Currently 150 MMcfd of gas from Zafiro field is flared. EG LNG is in discussions with ExxonMobil to see whether it would be feasible to bring gas for its proposed second LNG train, Ollerearnshaw said. “It would need a pipeline and compression to make it work,” he added. Zafiro, which produces more than 270,000 b/d, is the biggest oil field in Equatorial Guinea.

EG LNG has contracted Bechtel Corp. to investigate the feasibility of adding a second 4.4 million tonne/year train. The work is scheduled for completion by the end of the first quarter, and EG LNG shareholders are expected to make a final investment decision by late 2007 or early 2008.

Ollerearnshaw said discussions are under way among Nigeria, Cameroon, and Equatorial Guinea to explore providing gas to EG LNG.

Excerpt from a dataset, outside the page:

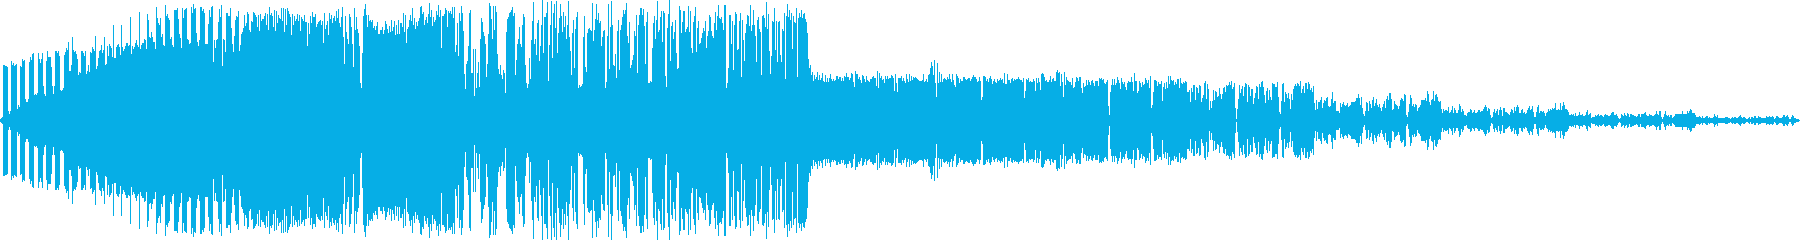 AMGアナログFX 29の再生済みの波形

“We believe there is a very sound economic basis for Train 2 at EG LNG,” he added, “and we see a long-term potential for up to 20 million tonnes in Equatorial Guinea.”

EG LNG will join the club of Atlantic Basin LNG suppliers later, with first LNG production from its initial 3.4 million tonnes/year train due in the summer. Gas for the plant will come from Alba field. BG Group is expected to deliver the volumes to the Lake Charles, La., regasification terminal in the US, but Ollerearnshaw said that BG Group has destination flexibility in its contract.

EG LNG is situated on Bioko Island in Equatorial Guinea (OGJ, Sept. 4, 2006, Newsletter)

Chevron’s Casotte LNG terminal gets FERC OK

Chevron Corp. has received approval from the US Federal Energy Regulatory Commission to build the Casotte Landing regasification facility next to the company’s 325,000 b/cd Pascagoula refinery in Jackson County, Miss.

The proposed project would process LNG for distribution to Mississippi, Florida, and the US Northeast. The facility would have a nominal processing capacity of 1.3 bcfd of gas.

Chevron also has reserved 1 bcfd of regasification capacity at Cheniere’s Sabine Pass LNG receiving terminal in southwestern Louisiana. Construction at this facility is about 55% complete and the terminal is scheduled to start operations in second quarter 2008. Chevron’s commitment begins mid-2009.

Both the Sabine Pass capacity and the Casotte Landing facility can be integrated into Chevron’s US Gulf Coast pipeline, storage, and terminal infrastructure.